Mithé espelt
1923-2020
La vie de Mithé Espelt est une véritable saga. Née en 1923 à Lunel, en Camargue, dans le sud de la France, elle est plongée très jeune par son grand-père, Edmond Baissat, dans un biotope inattendu. Ardent défenseur du parler provençal, aux côtés de son ami Frédéric Mistral -Prix Nobel de littérature- Edmond est en effet une figure importante de la vie artistique et intellectuelle locale. À Lunel, il immerge la petite Mithé dans la société (Cocteau, Bérard, Picasso etc.) de son voisin, Jean Hugo, et dans celle des nombreux écrivains et artistes qu’il fréquente. Fréquentations qui se révéleront décisives dans la structuration de la personnalité, la vision du monde, et la future posture artistique de la jeune enfant.

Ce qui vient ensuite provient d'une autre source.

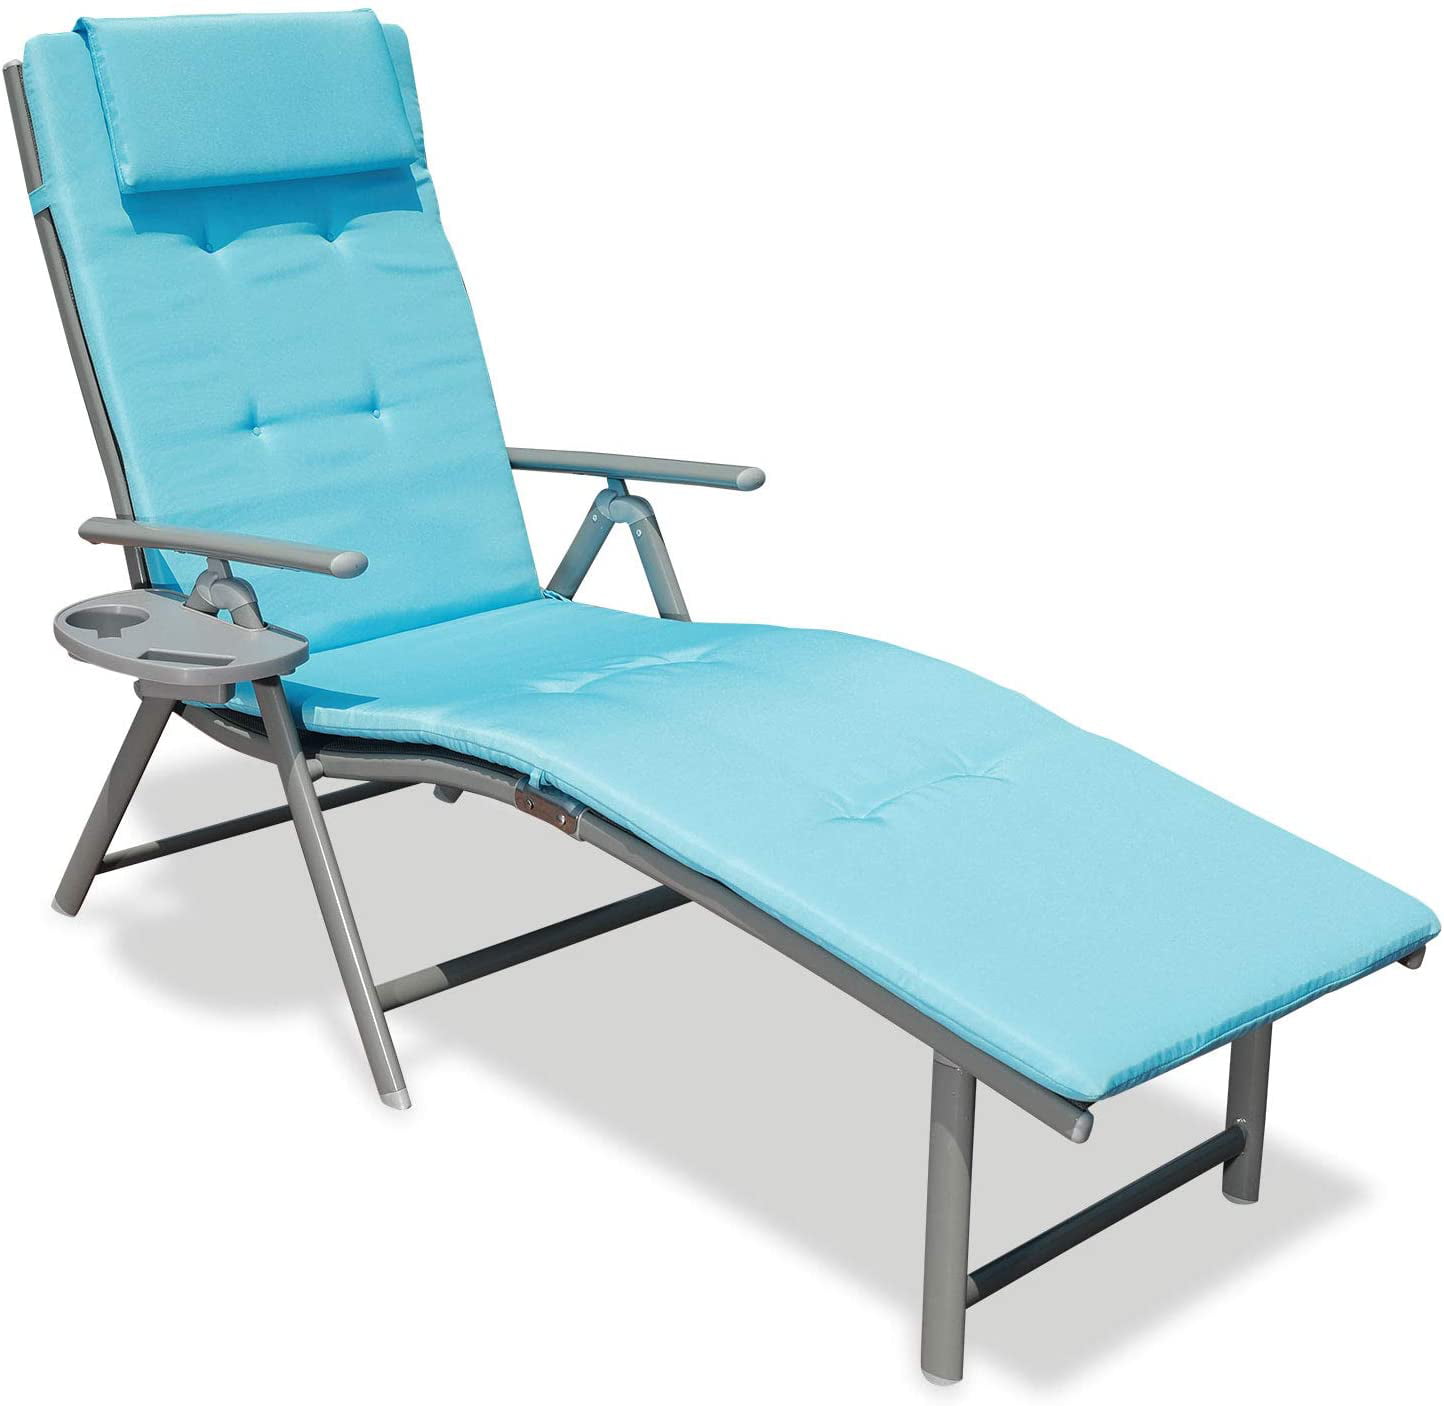 Creatice Folding Lounge Chair Beach for Simple Design

À l’Ecole des Beaux-Arts de Montpellier où elle est admise à moins de seize ans, Mithé sera rejointe par Valentine Schlegel (qu’elle a surnommée Linous) sa grande amie Sétoise. Trois ans plus tard, la visionnaire Emilie Decanis la sélectionne pour faire partie de la première promotion de l’école expérimentale de céramique de Fontcarrade, projet novateur destiné à former les meilleurs céramistes français de sa génération.
Puis Mithé s’installe à Paris pour travailler dans l’atelier de Nathalie Pol, céramiste-boutonnière renommée à l’enseigne de « Atelier Lydia Chartier ». En ces temps de guerre, les boutons de peu permettent d’égayer la grisaille des jours. Chargée de réaliser les créations de Line Vautrin, elle va y rester deux ans et gardera toujours la nostalgie du souvenir ébloui de cette collaboration avec la grande artiste.
À la disparition de son père, en 1946, Mithé revient à Lunel pour s’occuper de sa jeune sœur, orpheline comme elle.
Elle a alors 23 ans et installe immédiatement un petit atelier de céramique dans lequel elle décline des poteries dans l’air du temps, élabore ses premières collections de bijoux et réalise les tout premiers petits miroirs. Emilie Decanis, qui avait repéré son talent à Fontcarrade et voit en elle l’un des jeunes espoirs de la scène céramique , l’intègre à de nombreuses expositions, en France et à l’étranger. Le succès est au rendez-vous :Mithé se retrouve en charge des collections de bijoux de la Maison Souleiado et réalise des commandes spéciales pour des clientes comme Louise de Vilmorin ou encore Poupette Vachon, la styliste de Brigitte Bardot à Saint-Tropez.
Mithé se marie en 1951. Ses enfants, Marion et Martin, viennent au monde en 1954 et 1955. Elle va mettre à profit ces années intermédiaires pour développer un projet artistique tout à fait original : adoptant une posture anonyme, elle décide de se consacrer à la réalisation de petits objets du quotidien féminin – bijoux, boites à bijoux, miroirs- et abandonne la poterie traditionnelle.
Car elle a décidé d’offrir à ces femmes qui viennent d’obtenir le droit de vote – mais n’ont pas encore celui d’ouvrir un compte en banque- la possibilité de choisir leurs bijoux et les accessoires du quotidien de leurs boudoirs.
Tout en les questionnant sur l’idée même de désir et de séduction et leur souffler à l’oreille que leur force pourrait bien résider dans cette forme de légèreté que les hommes leur attribuent.
Au long d’une longue carrière émaillée de l’or du succès et de rencontres extraordinaires l’exploratrice des reflets et des pièges de la séduction a su créer un style inimitable, celui d’une œuvre libre et d’avant-garde faite de grâce et de légèreté. Et l’ensemble époustouflant de bijoux, de petits miroirs et de ces coffrets à secrets qui ont fait sa renommée n’en finit pas de surprendre et de ravir les amateurs du monde entier.
Mithé Espelt s’est éclipsée dans l’un de ces merveilleux sourires qui ont illuminé nos années de connivence en septembre 2020, au moment où paraissait la monographie « Mithé Espelt, le luxe discret du quotidien » sur laquelle nous avions travaillé ensemble avec tant de plaisir – réussissant ainsi à éviter la gloire jusqu’au bout – elle qui n’eut d’autre prétention que d’être un humble artisan. Car les mains du potier retournent à la terre lorsque les œuvres qu’elles ont suscitées témoignent pour toujours de leurs gestes enchanteurs.